On 11/11/13 9:27 AM, Radim Vansa wrote:
On 11/08/2013 05:47 PM, Bela Ban wrote:
>
> On 11/8/13 4:15 PM, Radim Vansa wrote:
>> First of all, I think that naming "old", "new" where 3.2.7
new == 3.4.0
>> old sucks. Let's use some more meaningful names.
> Even better: I named the latest bundler "latest" ha ha :-)
>
> These names were never supposed to be exposed to the user, only to
> experts, but +1 on better names... Suggestions ? "default_bundler",
> "default_bundler2" and "transfer_queue_bundler" ? :-)
And DefaultBundler is not the default, currently.
So, to come up with some suggestions (from the 3.2.7 code as there are
all the ideas):
DefaultBundler -> TimedBundler (bundler_type="timed")
DefaultBundler2 -> LastWaitingBundler ("last_waiting")
TransferQueueBunder -> TimedQueuingBundler ("timed_queuing")
TransferQueueBundler2 ->
GreedyQueuingBundler("greedy"/"greedy_queuing")
Thanks for the suggestions I'll change this in 3.5 (branch:
bundler_perf, currently wip)
>> Changing the DONT_BUNDLE flag to apply on network
communication but
>> rather to stack processing isn't a bad idea, if it helps performance.

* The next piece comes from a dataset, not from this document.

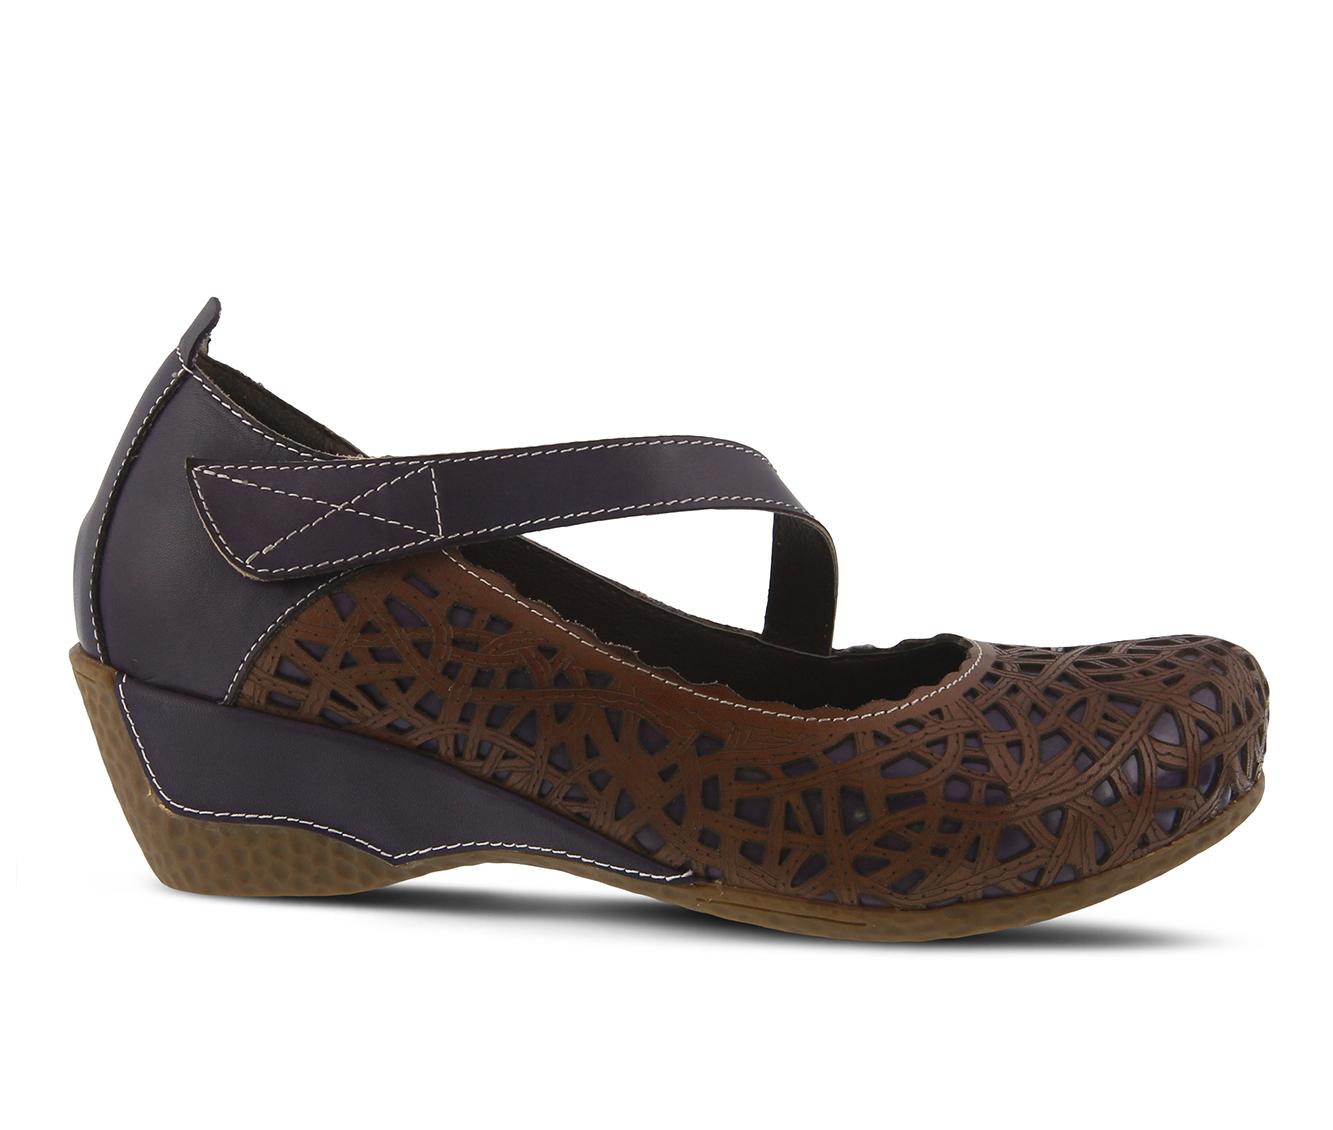 L'Artiste Melinda Women's Shoe (Purple Leather)

>> However, changing the flag meaning to be dependent on the bundler type
>> sounds rather confusing.
> The idea is that when the battle is over, only one bundler will be used,
> so we don't need to make this distinction. However, the "old" bundler
> (which I want to kill at some point) would not perform well when
> bundling all messages.
By the way, I have accepted that 3.4 "old" is 3.2.7 "new", but
looking
into code, I still see that "old" is the one waiting for
max_bundle_timeout or until there is enough waiting data... Do I miss
something? Should this "old" bundler really send all messages immediately?
No, it doesn't. You're right; messages are bundled until the max_size is
exceeded or the max time has elapsed. This should be slower than "new"
or "latest" in 3.4.x, why it isn't is something I'll investigate soon.
Perhaps the tests we're running focus on sync, and sync RPCs always set
the DONT_BUNDLE flag, so bundlig is mostly bypassed. Why "old" is then
not the same as "new" performance wise still escapes me, but hopefully
I'll soon know why.
This investigation will be done in 3.5, it isn't critical to release 3.4.1.
As a last thought for DefaultBundler2 principle (this is the one I
find
most appealing): It seems to me that the thread does not do much work in
the lock, so the bundle does not grab much messages. The format of batch
does not specify how many messages will there be in advance, so, instead
of just adding the message to list (fast), couldn't we keep the
DataOutputStream and write the message to the stream?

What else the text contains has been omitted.